Thomas Arne: Artaxerxes. © 2009 Hyperion Records Ltd

This recording was originally made in 1995; it deserves to survive at least as long as the forty-one years Artaxerxes himself managed on the throne. Of course the main credit is Arne's. Remembered mainly as the composer of 'Rule, Britannia' at a time when Britons were indeed less slavish than now, Arne should have continued with this work of 1762 a noble school of opera in English as begun by Purcell's Dido and Aeneas long before. It was not to be, for English snobbery preferred the largely incomprehensible operatic Italian as easier to gossip through. Artaxerxes remains, therefore, a largely isolated masterpiece.
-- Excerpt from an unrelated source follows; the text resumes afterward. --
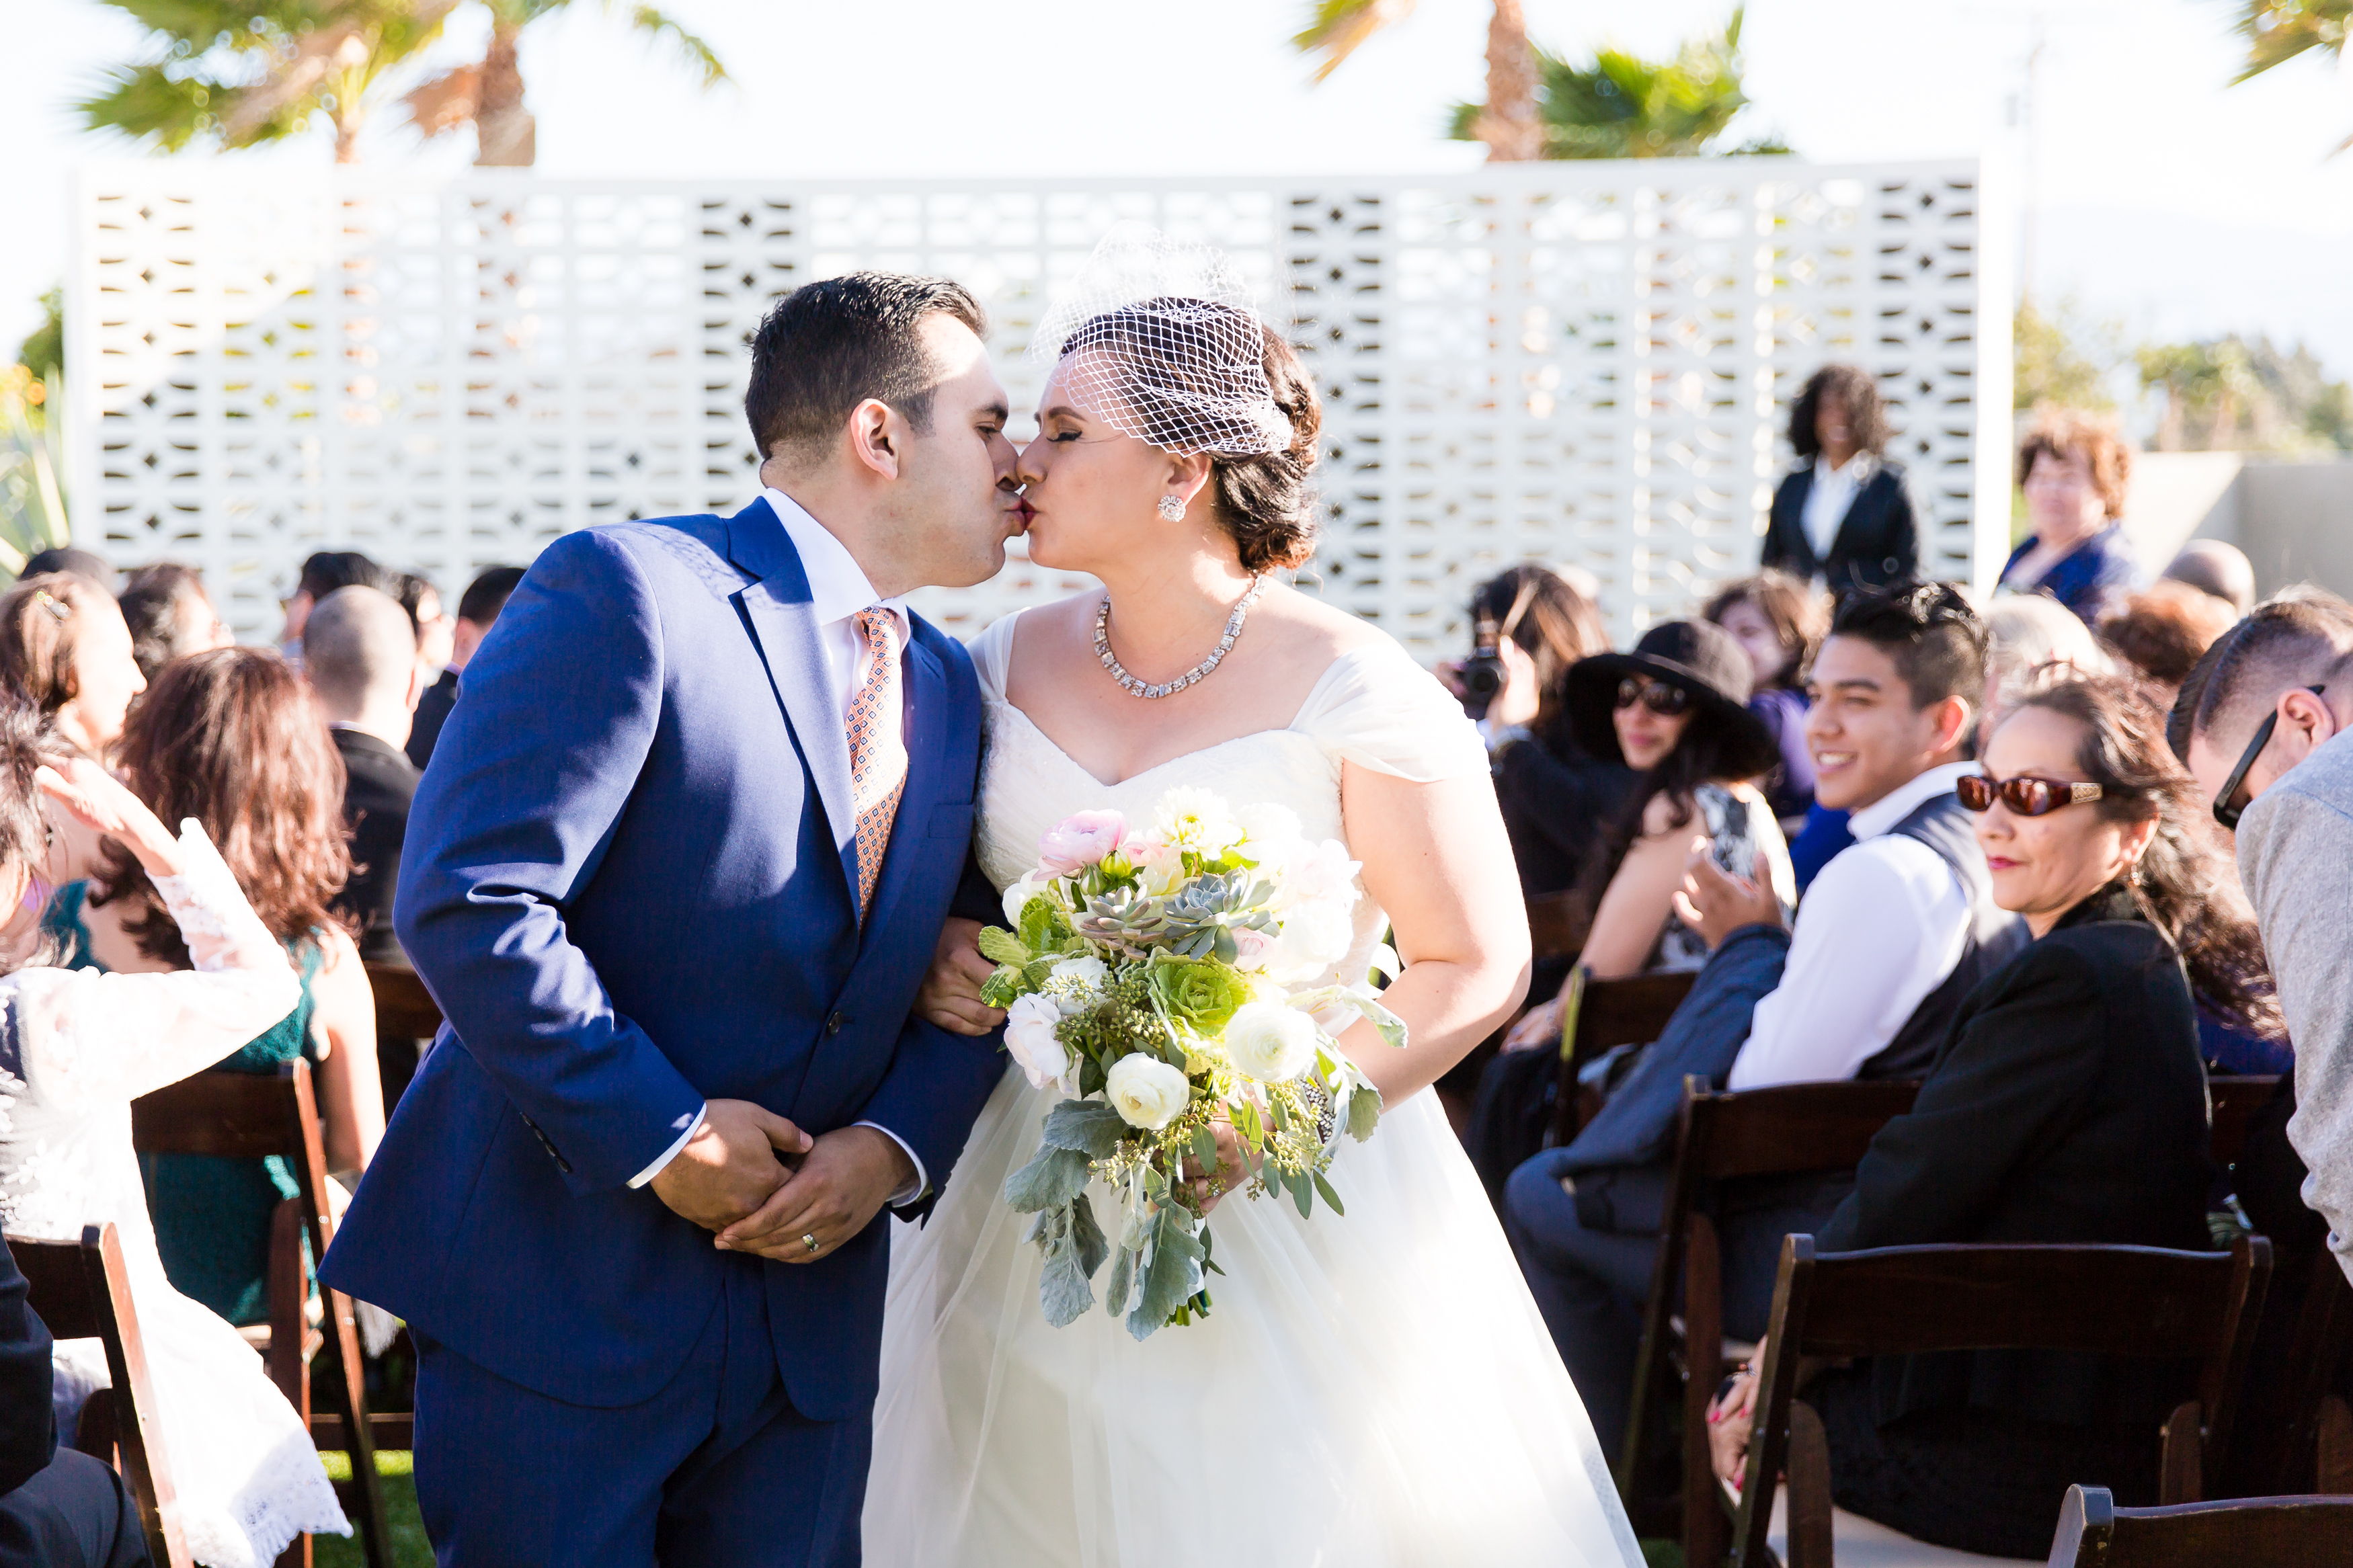 Bride and groom first kiss during wedding ceremony, by Stefani Ciotti

The original libretto was by Metastasio, Englished anonymously. Xerxes, Great King of Persia, was indeed murdered in 465 BC by Artabanes, the operatic scamp who happened also to be his uncle (Ian Partridge). Thus far history. Perhaps Xerxes as Ahasuerus had previously taken the Jewish Esther to wife. Thus far the Bible. About the succeeding antics of the court we know little. Maybe Artabanes handed over his bloodied and incriminating sword to Patricia Spence as his son Arbaces, loyal companion to the Artaxerxes of Christopher Robson, now seated on a somewhat rocky throne. The immediate entourage of the new king is represented by two sisters, Mandane his own, and Semira that of Arbaces, with Richard Edgar-Wilson as a Rimenes and supplementary evil conscience for Artabanes. There is of course much love in the air, and it is initial misunderstandings that make the palace action go round.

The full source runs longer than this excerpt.